Israel tortures Palestinian prisoners despite peace accords, rights group says

June 15, 1994|By Dan Fesperman | Dan Fesperman,Jerusalem Bureau of The Sun

JERUSALEM -- Neither peace agreements nor public scrutiny has lessened the systematic torture and ill treatment of Palestinian prisoners by Israeli authorities, according to a 316-page report to be released today by an international human rights organization.

While interrogating an estimated 4,000 to 6,000 Palestinians each year, the report says, the Israeli army and the General Security Service "engage in a systematic pattern of ill-treatment and torture -- according to internationally recognized definitions of the terms. . . . This pattern has continued in 1994, despite the peace process now under way."

The report faults the government for failing to correct the abuses.

"Israel's political leadership cannot claim ignorance that ill-treatment is the norm in interrogation centers," the report says. "The number of victims is too large, and the abuses are too systematic."

The author of the report is Human Rights Watch, a New-York based organization that has recently published similar volumes on death squads in Brazil, political prisoners in China, genocide against Iraqi Kurds and war crimes by all three sides in the fighting in Bosnia.

Responding to an advance copy of the report yesterday, Israeli Maj. Gen. Ilan Biran, in charge of the occupied West Bank, said at a news briefing, "Forget it. It is not true. We are doing our best to prevent it and to behave like human beings.

"Unfortunately, there are a few occasions when soldiers and policemen are wrong, very wrong, in their behavior," General Biran added. But he said that no one should generalize from such aberrations.

The report cites a gradual "bureaucratization of torture" since the beginning of the Palestinian uprising 6 1/2 years ago. This has meant a greater emphasis on psychological methods and controlled physical punishment designed to inflict pain without leaving signs, it says.

With most questioning extending "over days and very often for three or four weeks," the report says, "the methods used in nearly all interrogations are prolonged sleep deprivation; prolonged sight deprivation using blindfolds or tight-fitting hoods; forced, prolonged maintenance of body positions that grow increasingly painful; and verbal threats and insults."

Other common techniques include confinement in closet-sized spaces, prolonged exposure to extreme cold or heat and refusing to let detainees use the toilet. And, the report adds, "In a large number of cases, detainees are also moderately or severely beaten."

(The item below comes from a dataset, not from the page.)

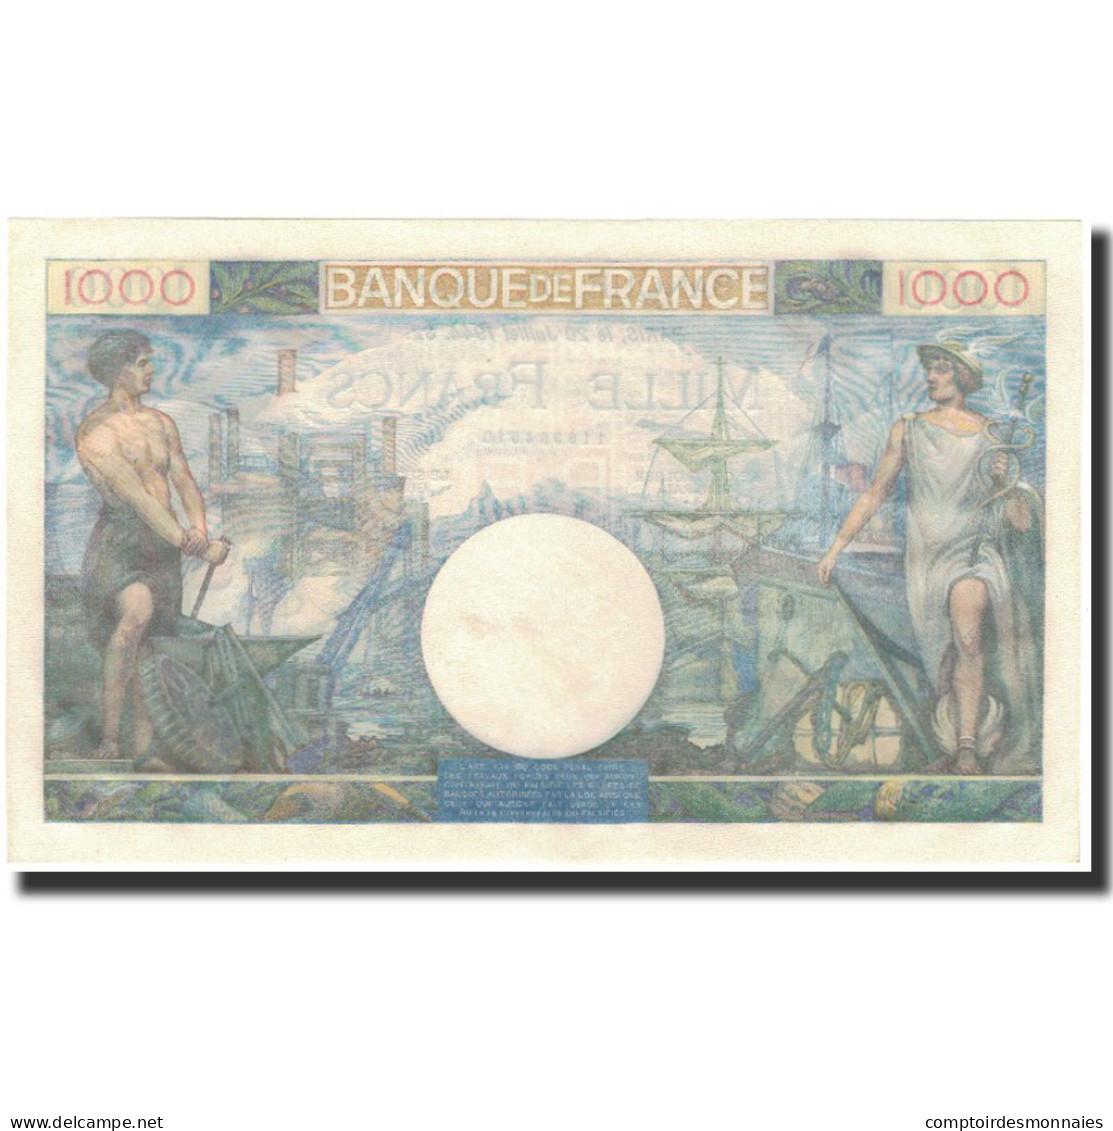 France, 1000 Francs, 1 000 F 1940-1944 ''Commerce Et Industrie'', 1944-07-20 - 1 000 F 1940-1944 ''Commerce Et Industrie''

Human Rights Watch investigators compiled the report from interviews with defense lawyers, four Israeli soldiers and 36 Palestinians interrogated since June 1992 -- 10 of them since September's signing of the Declaration of Principles by Israel and the Palestine Liberation Organization. It also was based on court testimony by agents of the General Security Service, or Shabak.

Israel began acknowledging the issue of abused prisoners a year ago, when legislators and citizens charged that torture had become widespread and systematic. But the reform effort has made little progress. Bills introduced to outlaw torture and efforts to restrict interrogation techniques have stalled.

In the meantime, Israel signed the September agreement with the PLO in Washington and an agreement last month for limited Palestinian self-rule in the Gaza Strip and the West Bank town of Jericho.

The progress of peace negotiations apparently only has changed the type of Palestinian more likely to be arrested and interrogated, Eric Goldstein, principal editor of the report, said in an interview.

"In the cases we've seen since March, the proportion of people from Hamas and Islamic Jihad [two extremist groups sometimes at odds with the PLO] is now higher, and the proportion of Fatah [a wing of the PLO] people is now lower."

Tamar Pelleg-Sryck, staff attorney with the Association for Civil Rights in Israel, said that she is not surprised that interrogation techniques haven't changed.

"I know of cases like this from a week ago," she said. "I don't think that anything has changed since September, and I don't think it will in the future. It is a skill practiced by those who have it -- the interrogators. They have no reason whatsoever to change, and the government has not made them."

Besides recommending that Israel overhaul its laws to stop the practice, the report recommends that the U.S. government confront Israel on the issue, "because it calls into question the very legality of American military and economic aid to Israel."

In related developments:

* Prime Minister Yitzhak Rabin accused the new Palestinian police force in the Gaza Strip of violating the self-rule agreement by arresting 26 people suspected of collaborating with Israeli authorities during the military occupation.

He hinted that the action might affect Israel's completing the release of 5,000 imprisoned Palestinians, as called for in the agreement. So far, about 2,000 have been released. Another lTC 7,600 remain in detention.

* A Palestinian policeman in Gaza died of a gunshot wound, the first to die in action since the Palestinians took control five weeks ago. Israel Radio reported that he was killed by his own gun when it misfired. But one policeman told Reuters that the officer was shot in the back.

* A PLO official said that Israel has told Palestinians in Jericho to stop planning a small airport that Yasser Arafat had planned to use, saying that the site was in disputed territory. He also said that Israel ordered a Palestinian investor to stop building a $1.5 million hotel, saying that the land was under its control.